Giorgio Armani will launch Orangerie Venise, a new fragrance in the Armani Privé fragrance range.
ORANGERIE VENISE is a zesty, elegant and long-lasting scent. Exquisite and voluptuous, it draws on the different facets of the Bigarade Orange, translating its flowers into delicate, luminous notes of Neroli essence and its fruit into fresh, bitter and rich citrus notes. The woody scent opens with the sparkling notes of Bergamot, combined with the fruity and vibrant freshness of Buchu, against a distinguished woody drydown of cedarwood, moss and ambroxan.
Orangerie Venise was developed by perfumer Dominique Ropion.
Armani Privé Orangerie Venise will be available in 100 ml.
(via Armani Beauty at YouTube)
In all seriousness, I don’t understand why every new perfume has ambroxan listed. Is it to make it last longer? I don’t think I’m getting what it’s supposed to smell like. I just know in most cases now, it bothers me.
I think there was always lots of ambroxan, it’s just becoming more acceptable to say the chemical name instead of saying “amber” or “ambery woods” or “Amberwood” or whatever.
Will also add that I do not know that every time you see the note “ambroxan” listed, you are even smelling the same aromachemical. Most of the big F&F houses have one or more captive versions of ambroxan…and they don’t all smell exactly the same. If a company is using Ambrox Super, or Ambrofix, does it just get listed as Ambroxan in the PR?
Odd, isn’t it, that chemical names like Ambroxan even make it into the PR? Doesn’t seem aspirational or “romantic” in the same way that “ambery woods” is supposed to be. Do the PR folk count on the audience’s knowing (or thinking they know) a little bit about what Ambroxan, or Iso-E Super is?
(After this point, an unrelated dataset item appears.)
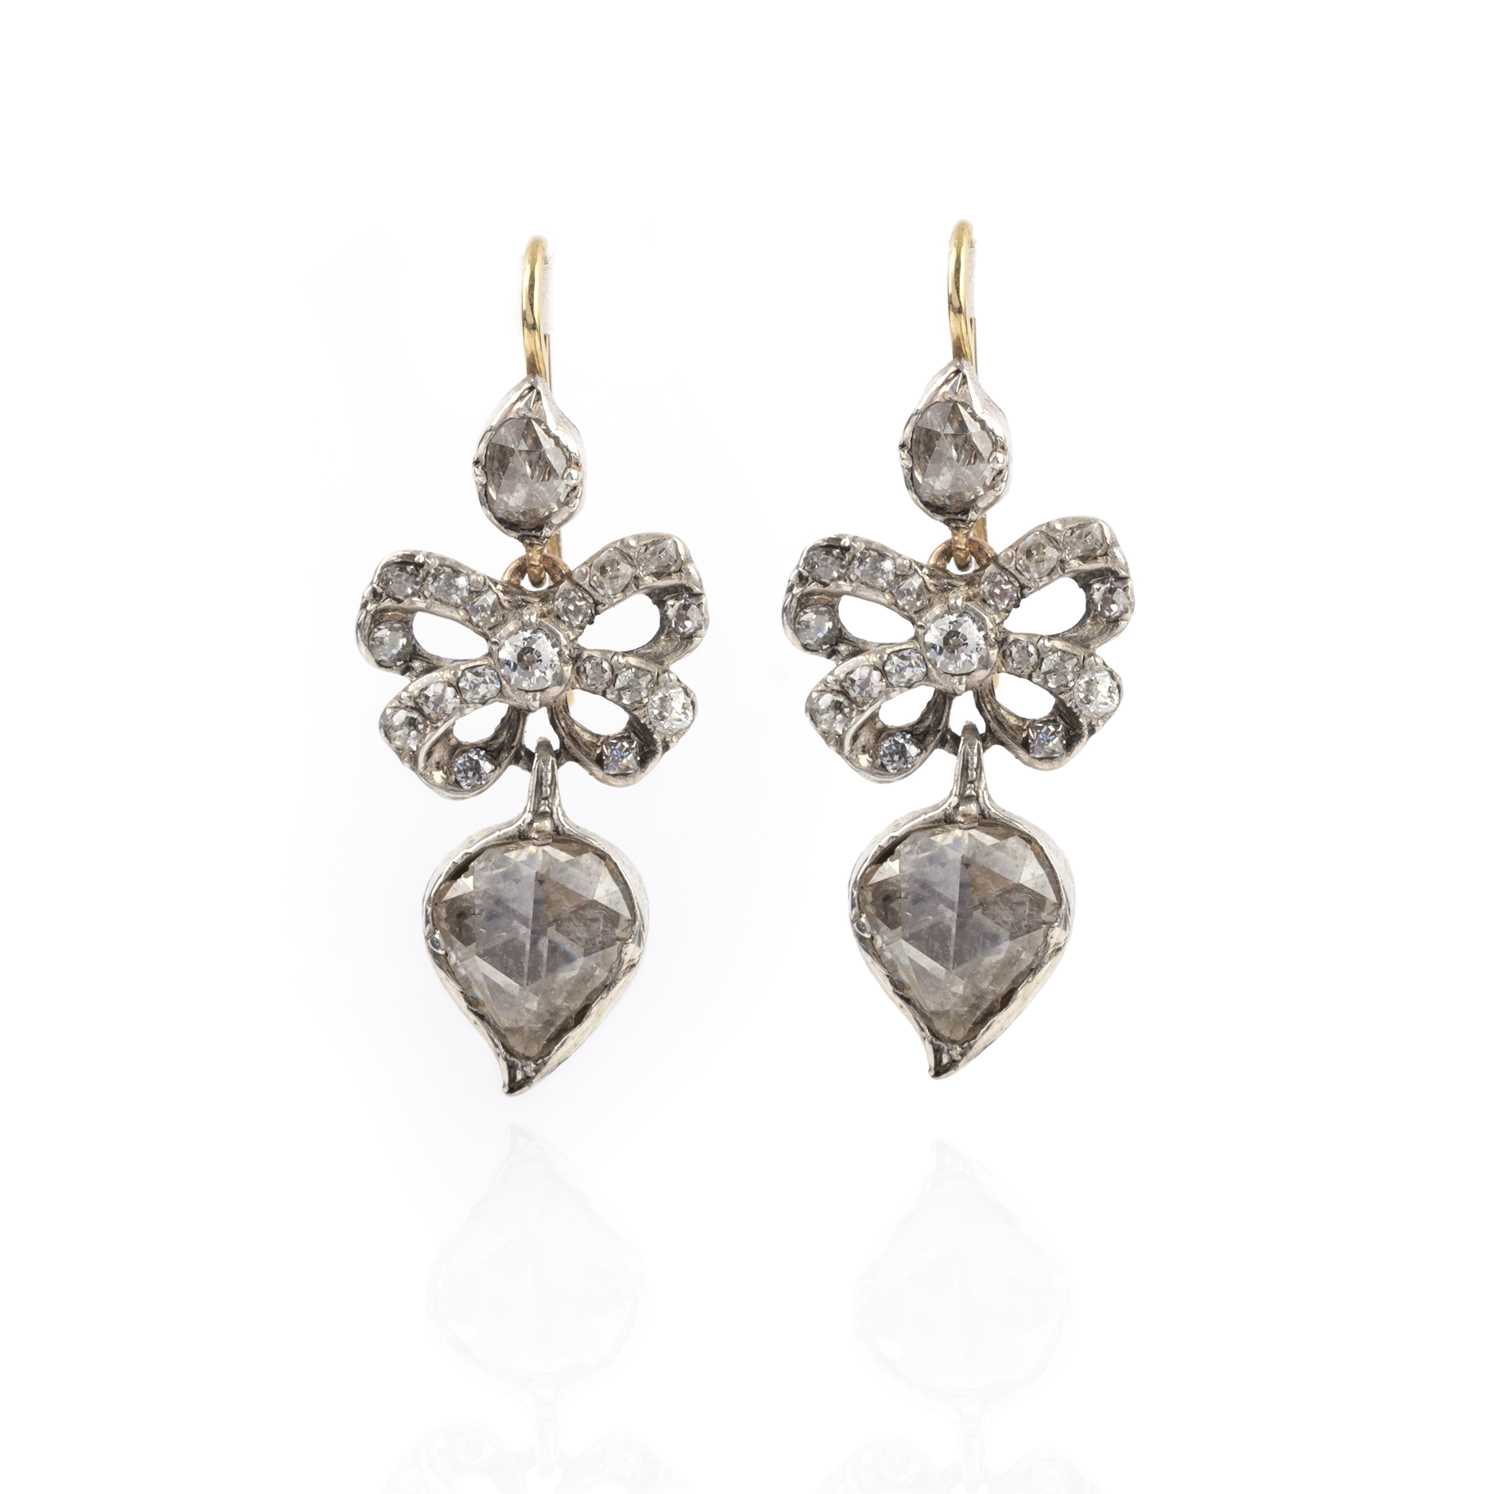 A pair of diamond drop earrings, set with rose-cut diamonds suspending diamond-set bows and a larger

Don’t really care about Ambroxan one way or the other, but I think the other notes listed actually sound kind of promising.
I think the ones that creep in tend to have good names. I see iso e super only rarely, and I think it is because it is not a good name…it sounds too chemical. Petalia, Paradisone, etc….these are good, consumer-friendly names.
But also, would be interesting to know if the term ambroxan appears more often in lists for men’s fragrances and paradisone (for example) for women’s…in other words, if they only list the chemical names that they think fit the gender designation of the finished product.
I guess I get it. It’s just everything seems to smell so chemically and similar in the drydown and it seems like the drydown comes so fast now. Maybe I’m just now noticing it because I’m smelling more perfumes than I used to. Thanks for answering.
Well, that is true too, and I think the other side of it is that there are just exponentially so many more perfumes, and such a huge proportion are trying to follow the same trends…it is indeed a problem. I am smelling far fewer perfumes than I used to, otherwise I’d be totally burned out on the subject.